Prompt —
Return the data word for word. Pictures are to be omitted.

Source material —
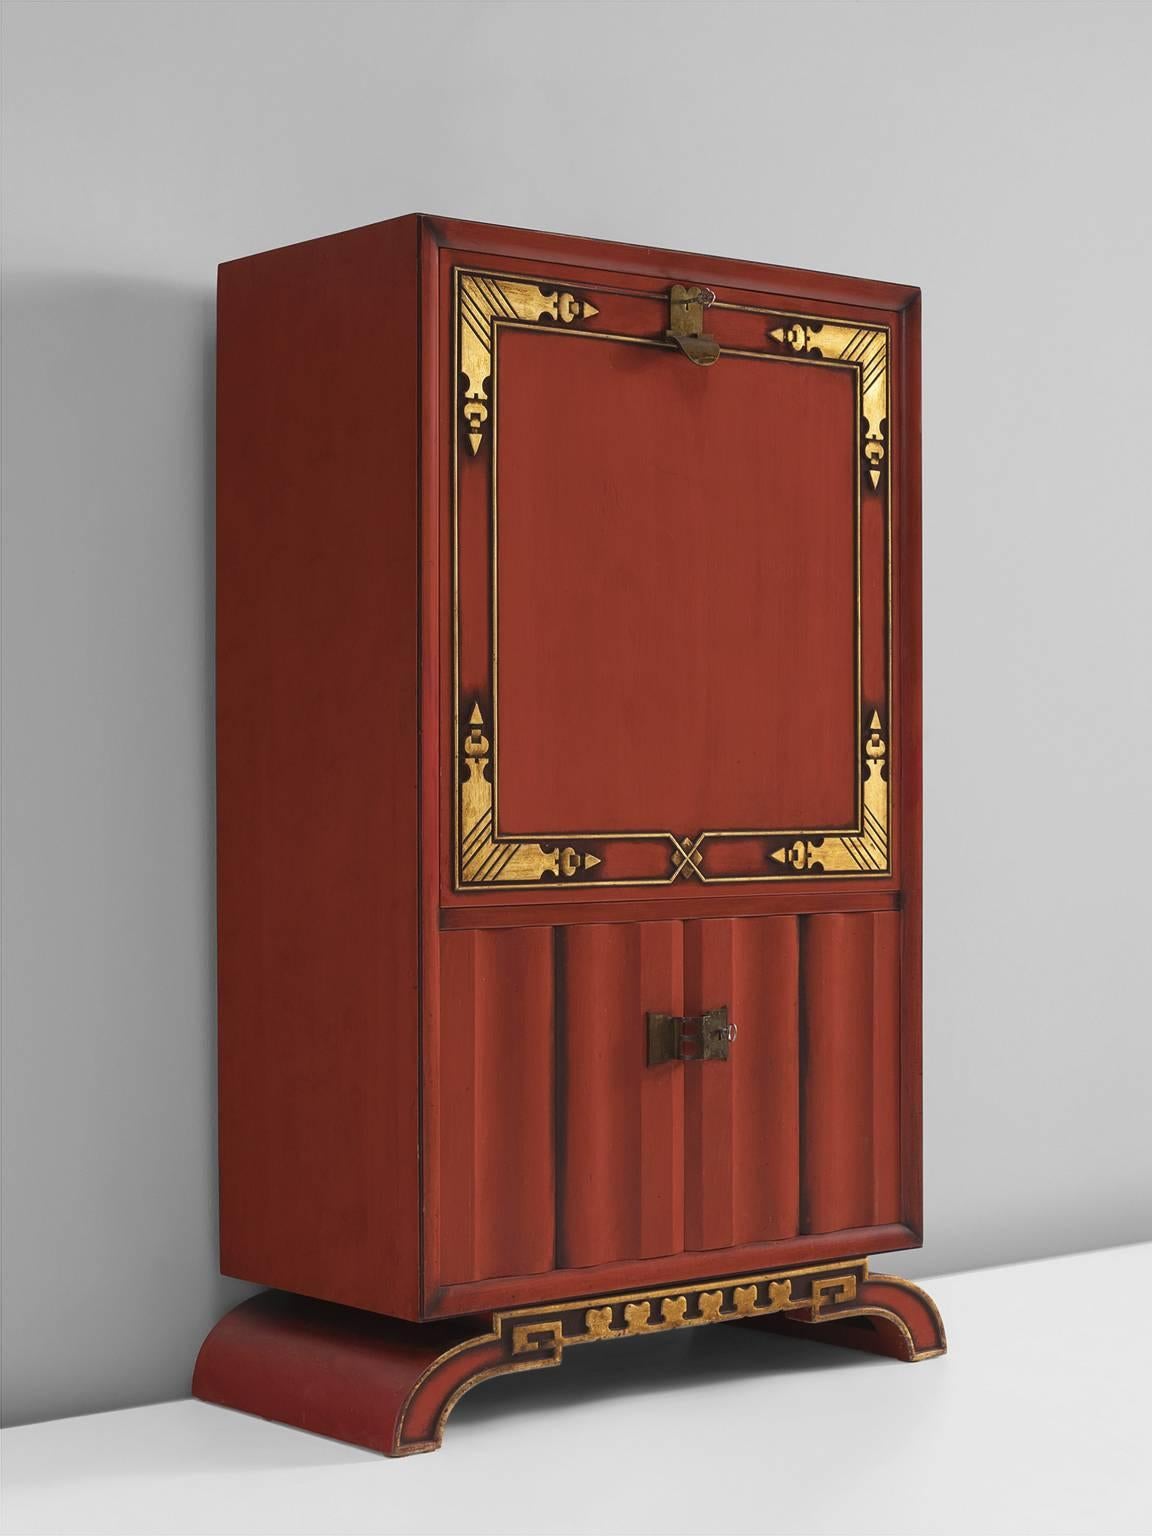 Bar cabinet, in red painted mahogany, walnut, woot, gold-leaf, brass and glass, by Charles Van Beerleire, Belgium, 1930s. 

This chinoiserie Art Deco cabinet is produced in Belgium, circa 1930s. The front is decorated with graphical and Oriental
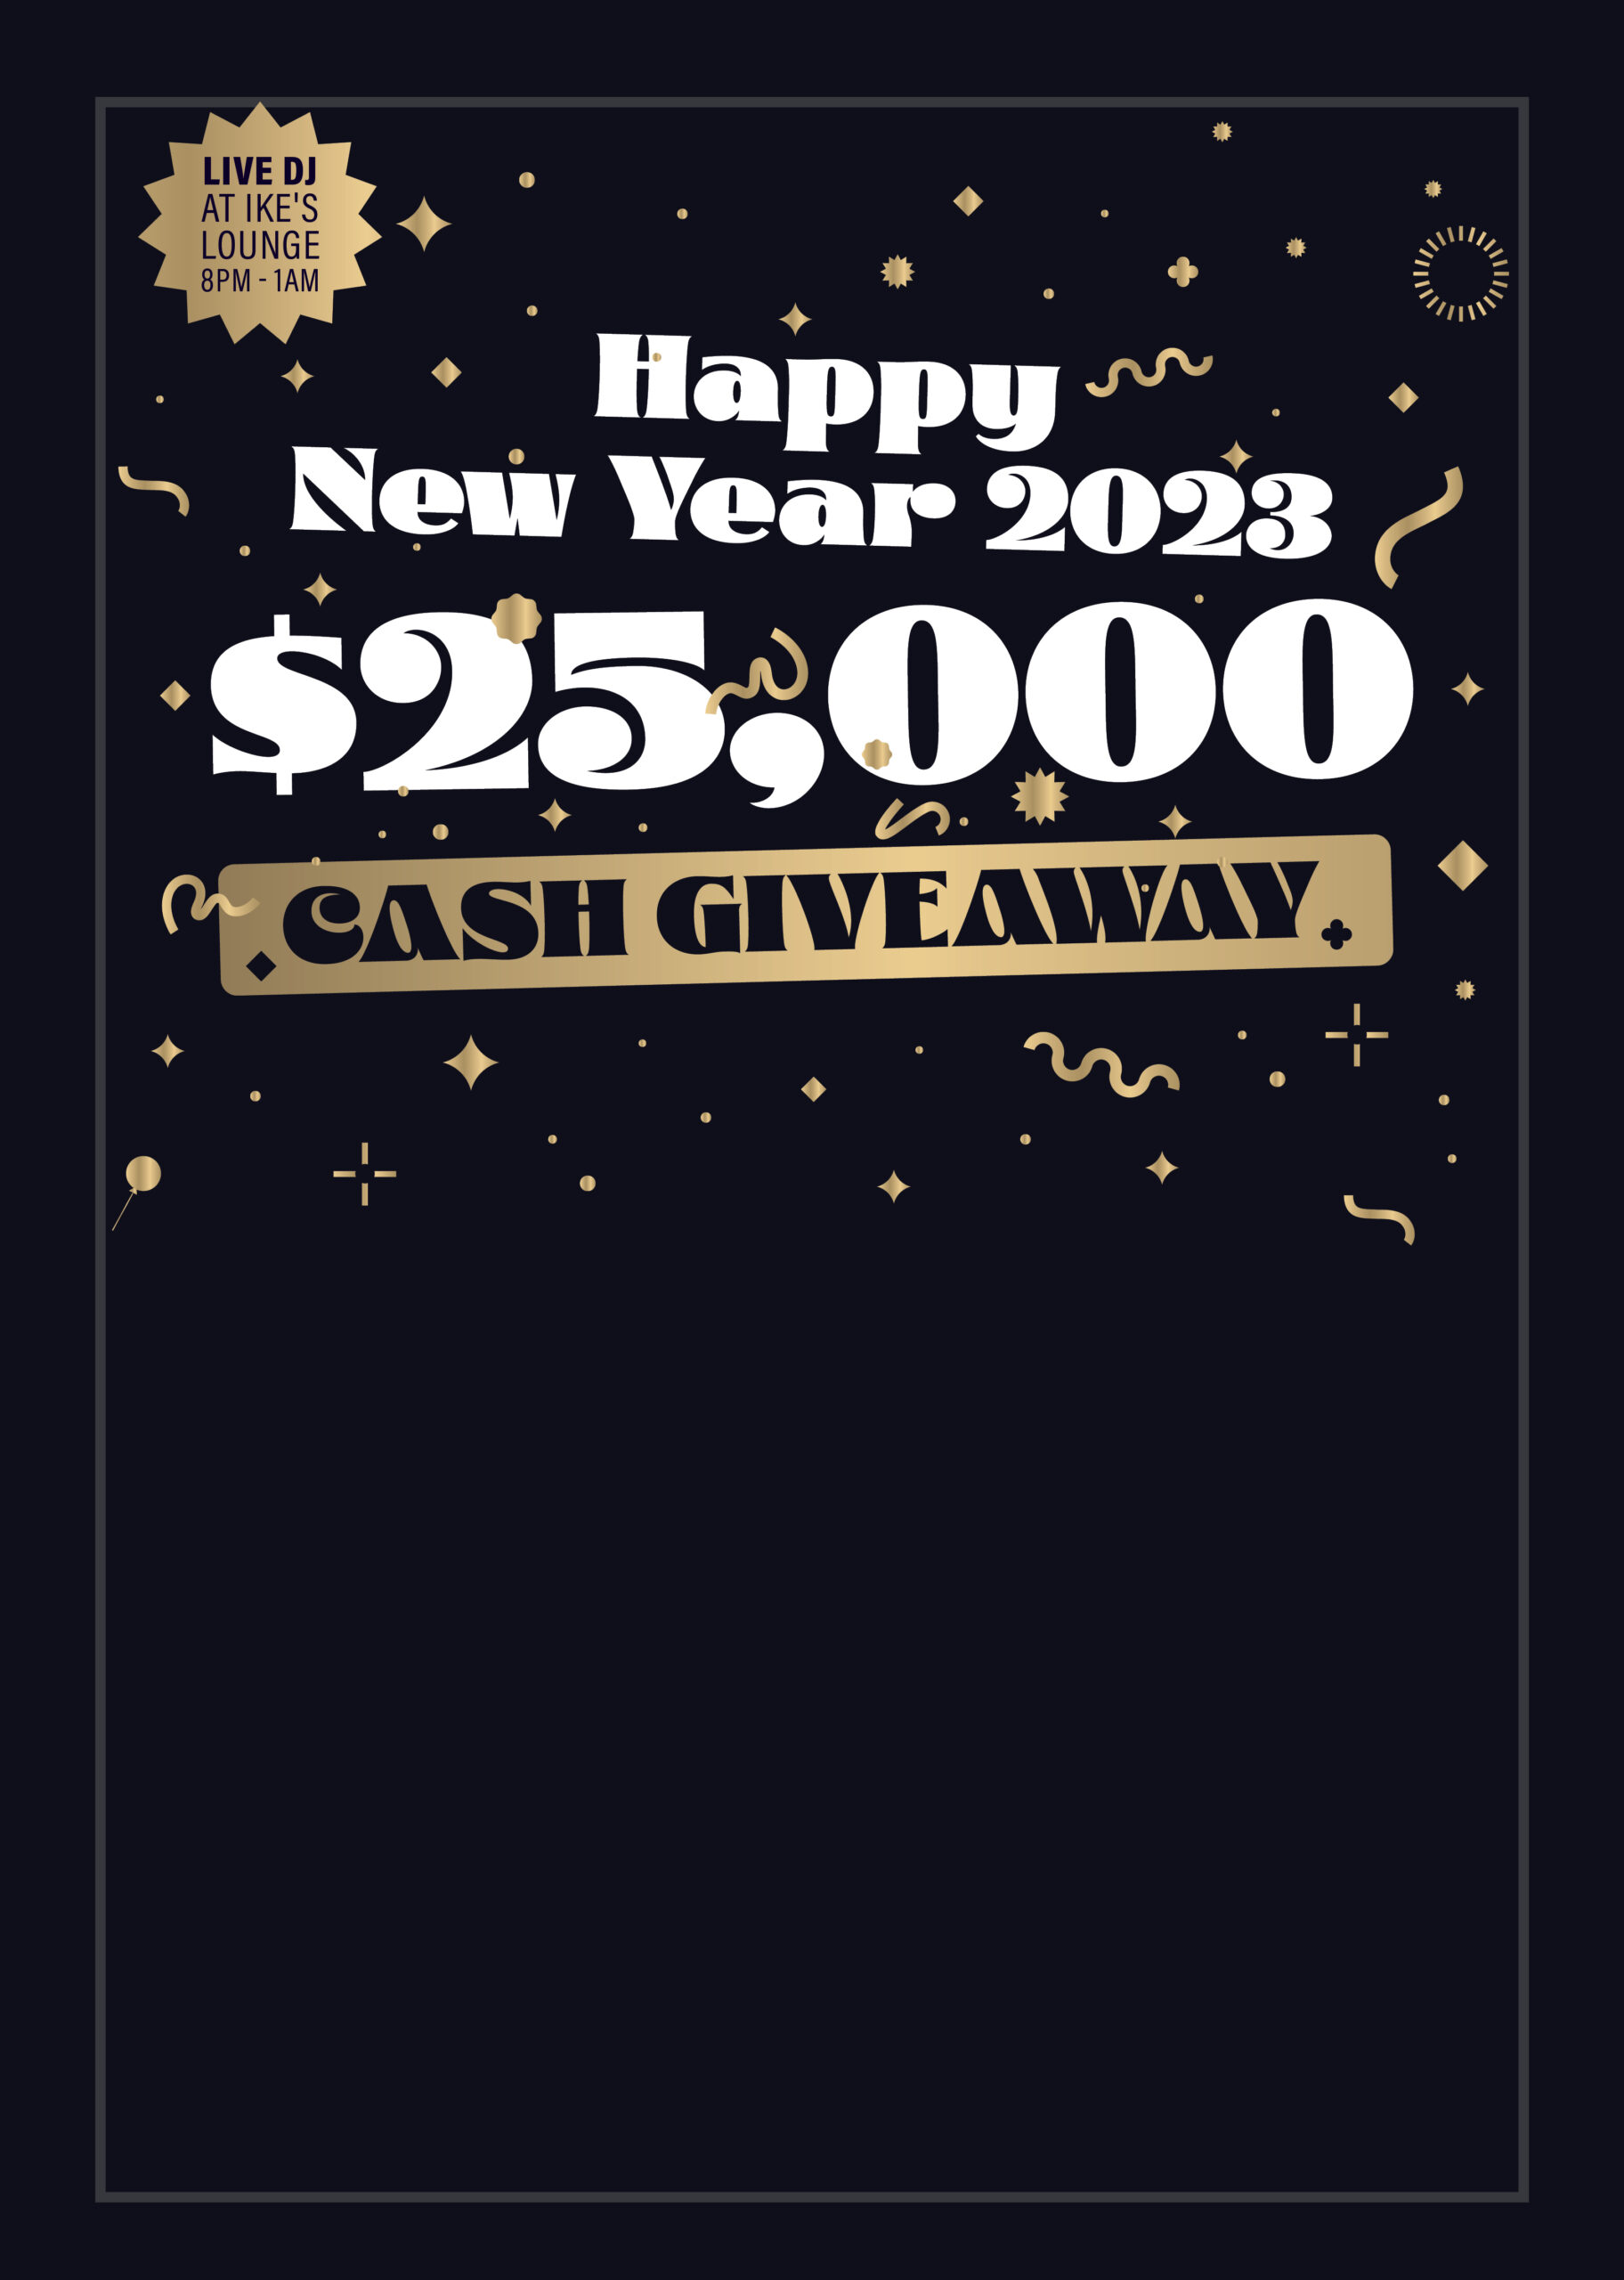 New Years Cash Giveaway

Task solution —
 Bar cabinet, in red painted mahogany, walnut, woot, gold-leaf, brass and glass, by Charles Van Beerleire, Belgium, 1930s. 

This chinoiserie Art Deco cabinet is produced in Belgium, circa 1930s. The front is decorated with graphical and Oriental
 New Years Cash Giveaway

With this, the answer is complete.